**Task to carry out**
Can you print the data exactly and leave out each image?

**Dataset excerpt**
◇ ◇ ◇ ◇ ◇ ◇ ◇

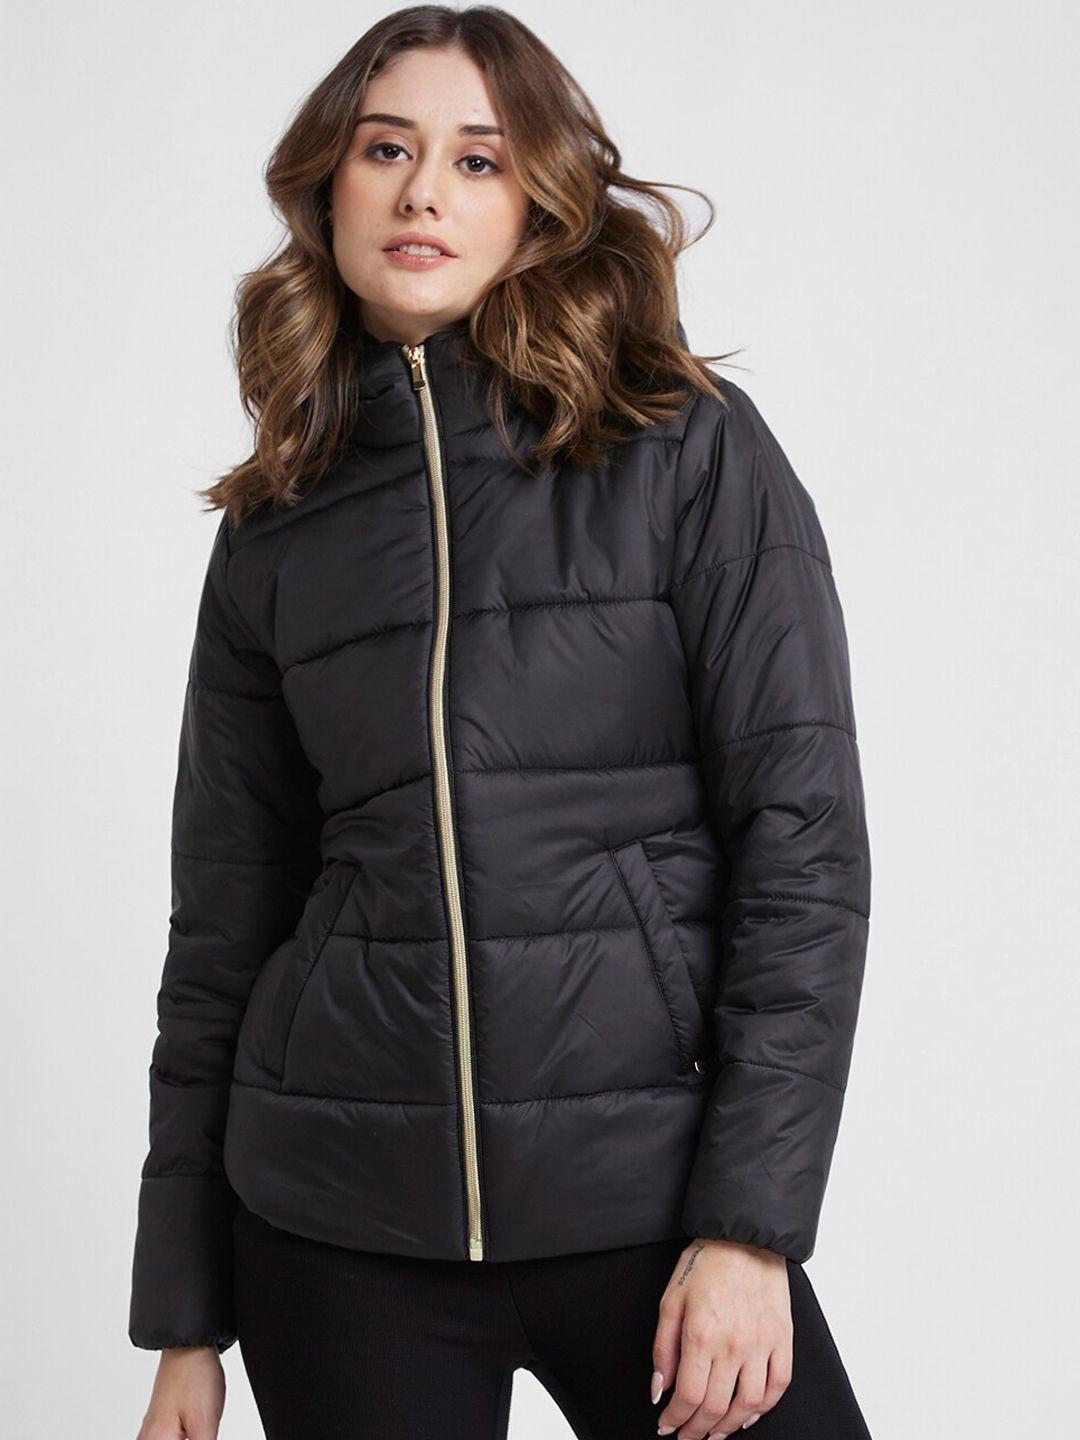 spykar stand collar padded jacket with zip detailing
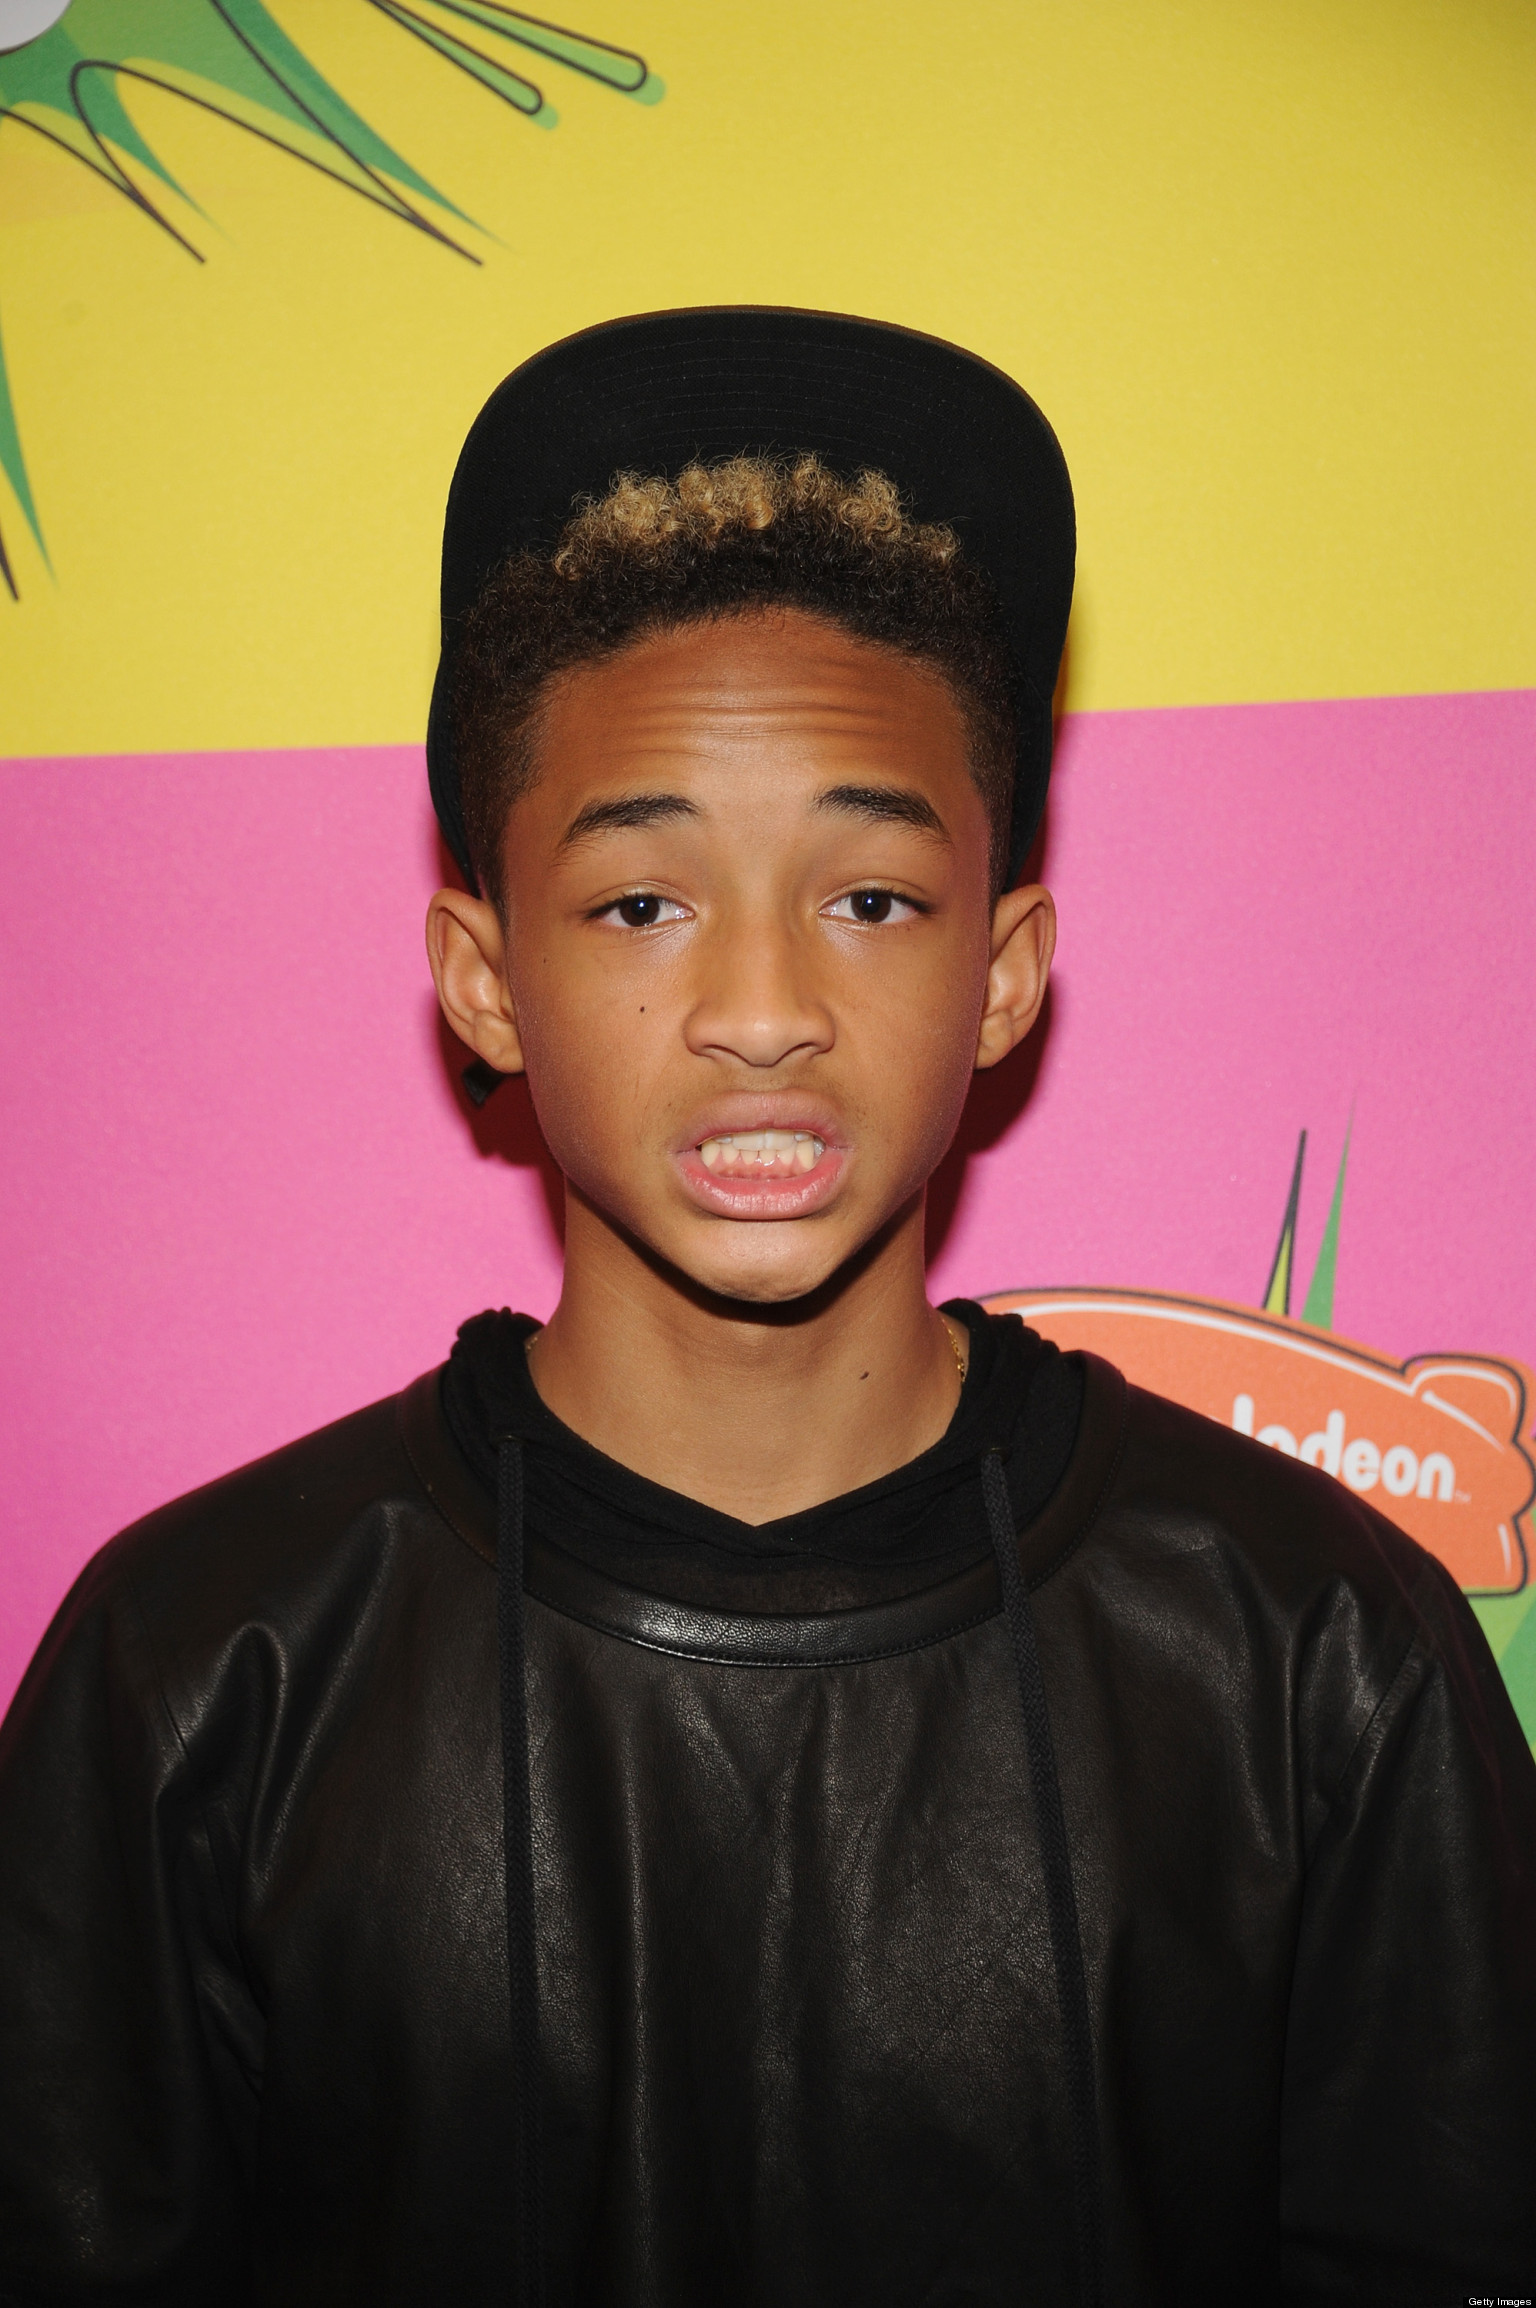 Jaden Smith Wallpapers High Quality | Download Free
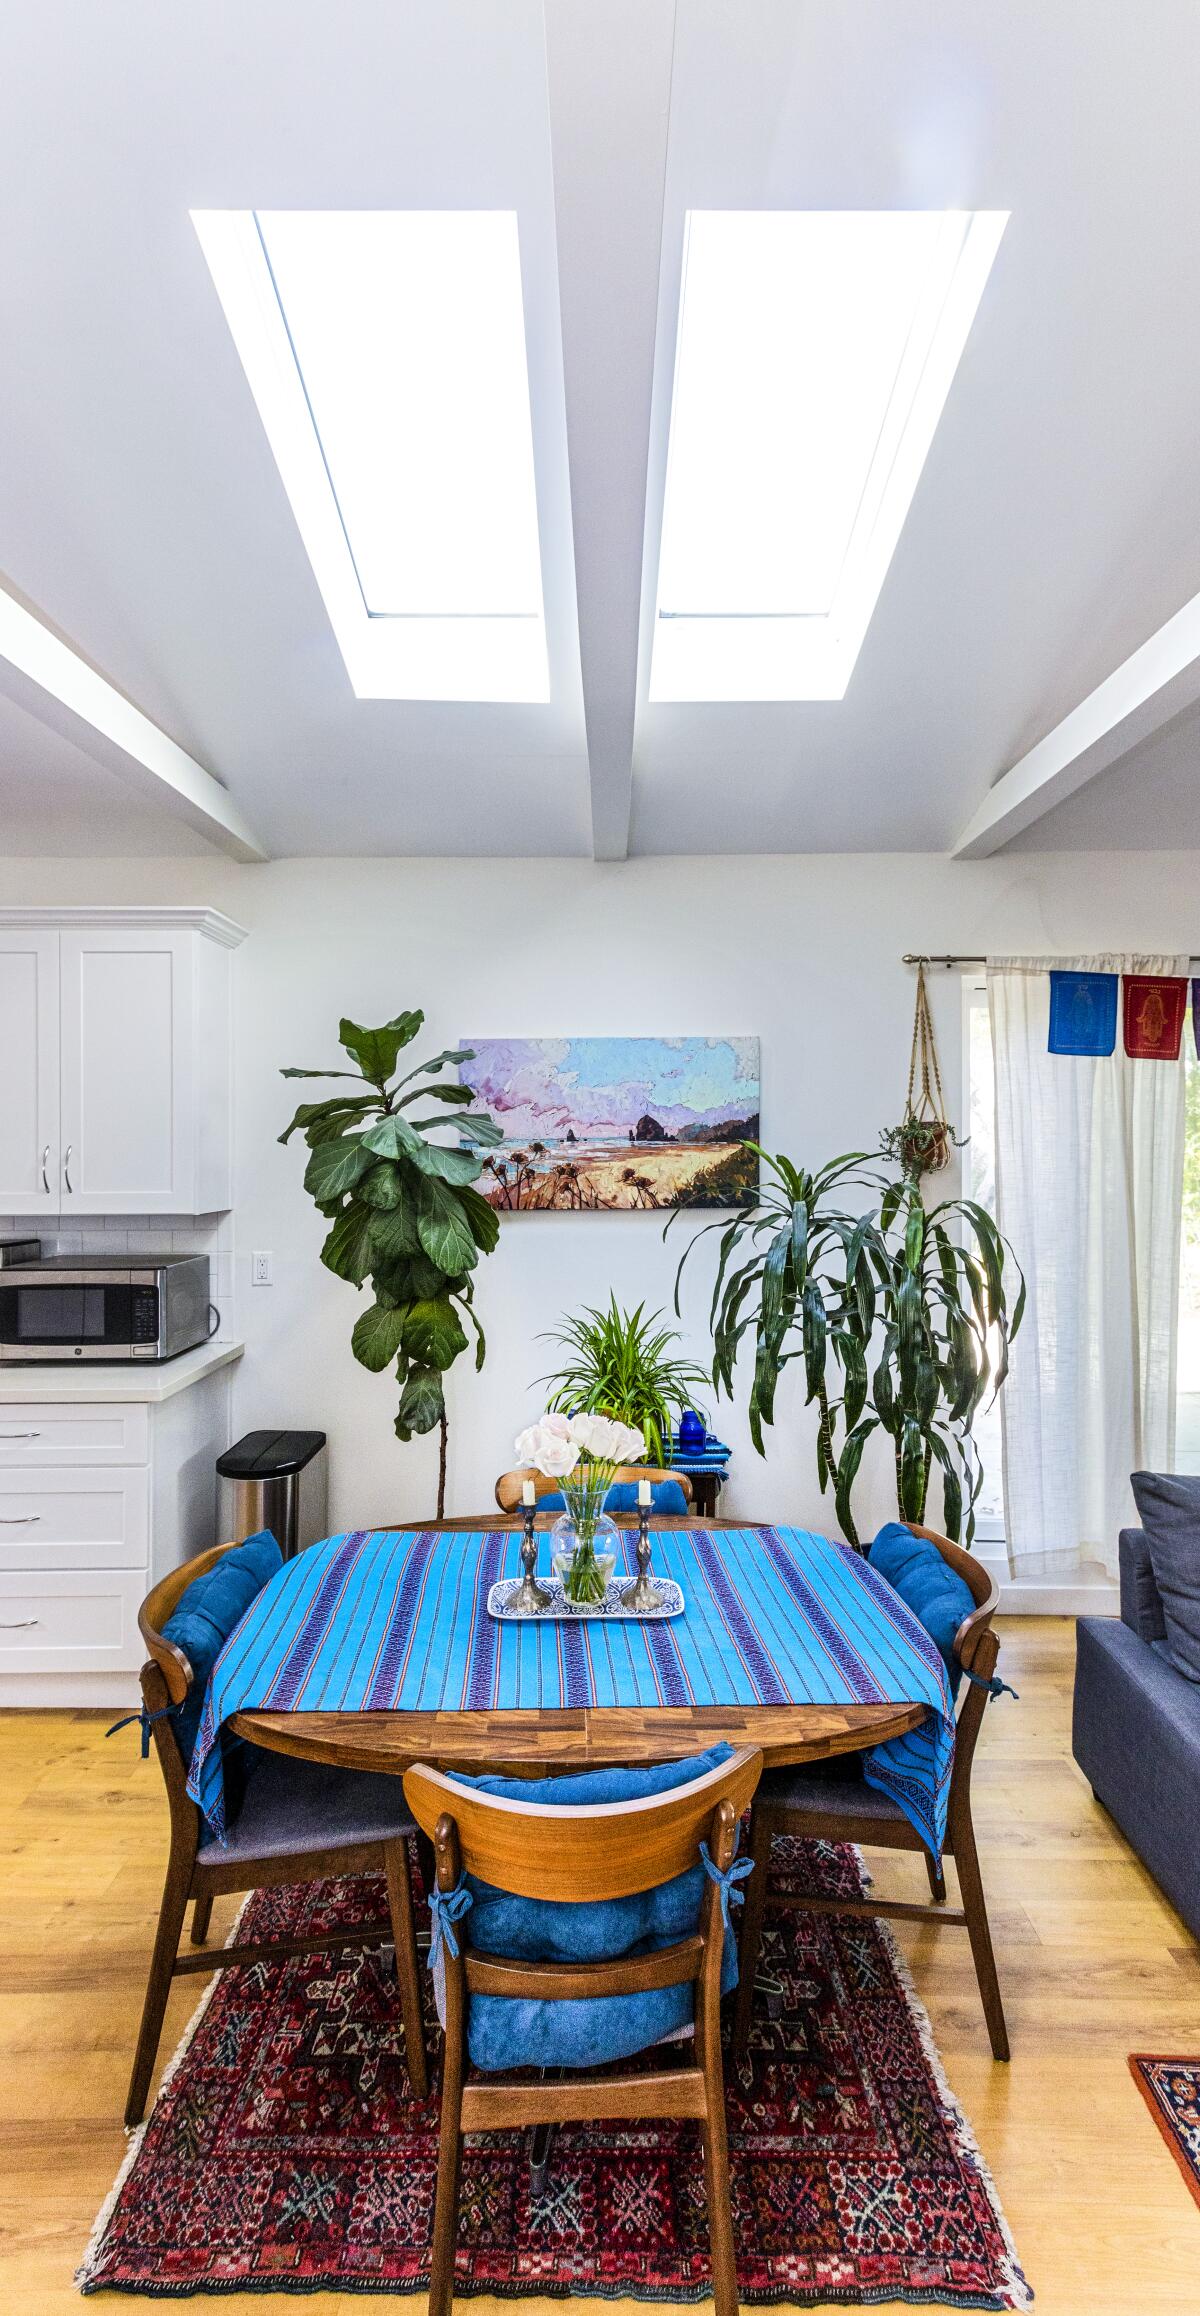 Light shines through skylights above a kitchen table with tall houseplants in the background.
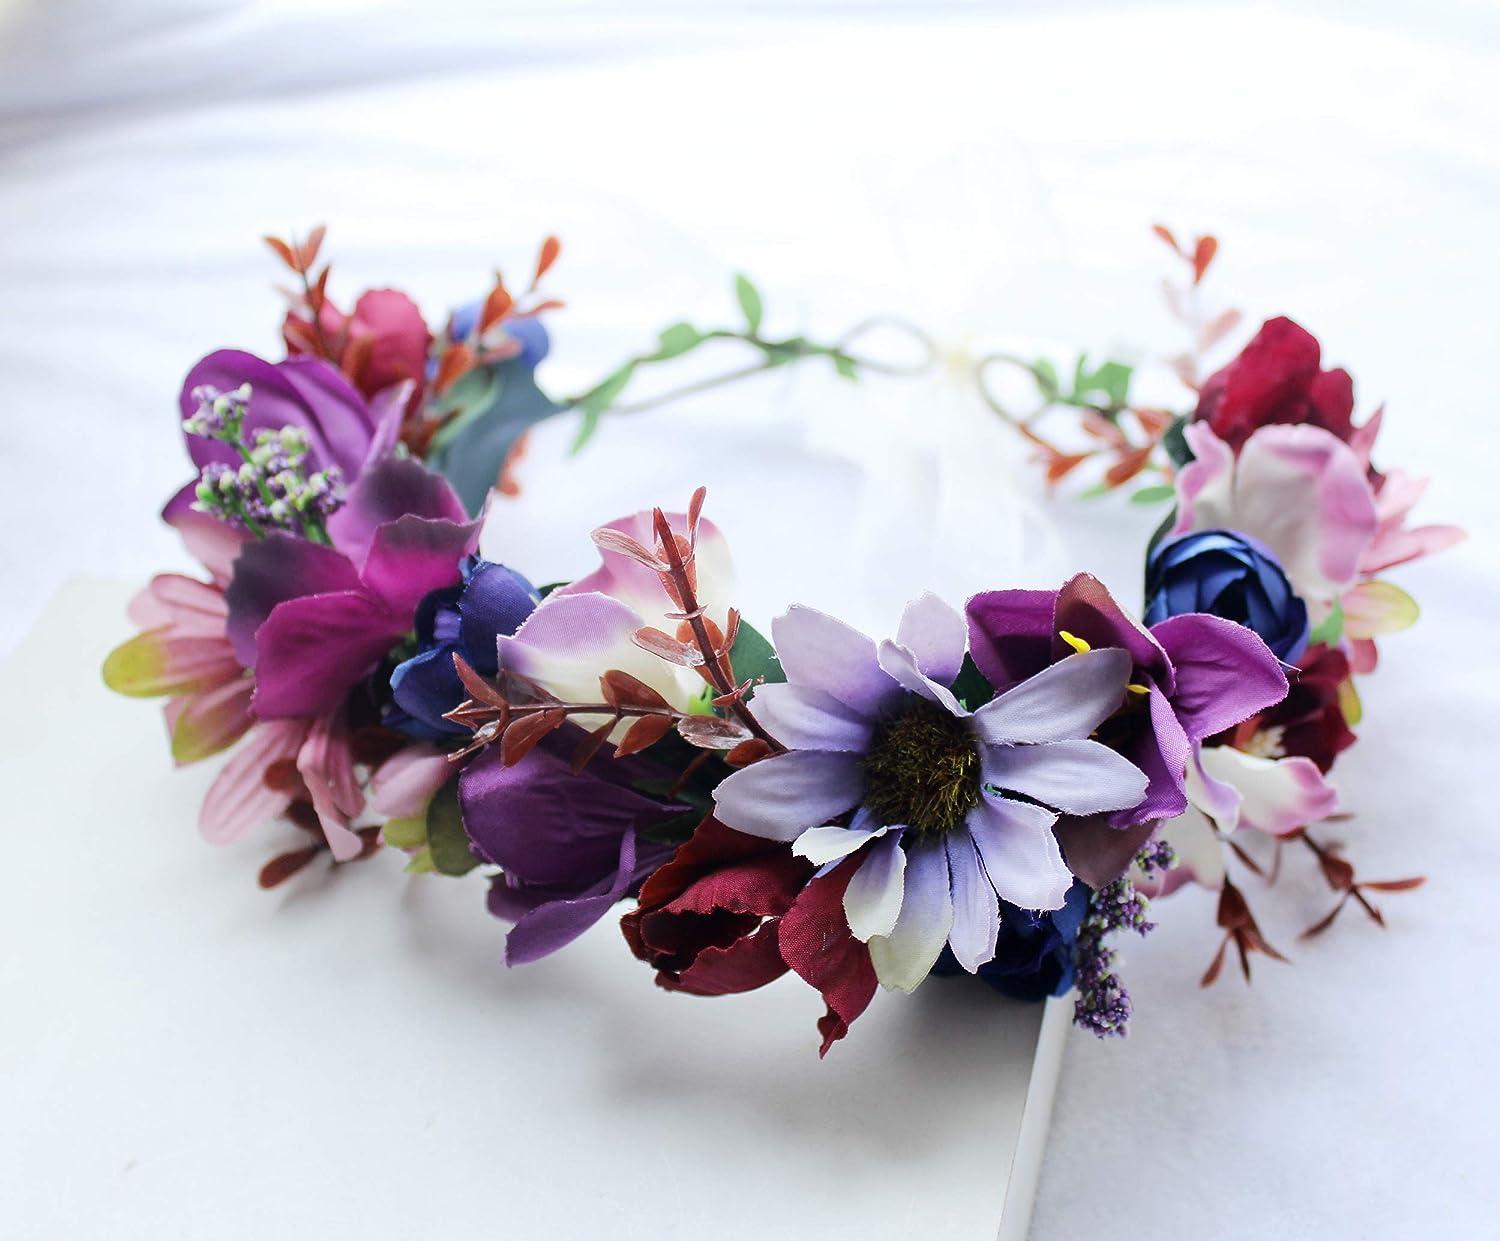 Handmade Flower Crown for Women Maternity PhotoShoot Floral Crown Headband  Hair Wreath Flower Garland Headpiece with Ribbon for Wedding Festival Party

◇ ◇ ◇ ◇ ◇ ◇ ◇

**Result for this exercise**
 spykar stand collar padded jacket with zip detailing
 Jaden Smith Wallpapers High Quality | Download Free
 Light shines through skylights above a kitchen table with tall houseplants in the background.
 Handmade Flower Crown for Women Maternity PhotoShoot Floral Crown Headband  Hair Wreath Flower Garland Headpiece with Ribbon for Wedding Festival Party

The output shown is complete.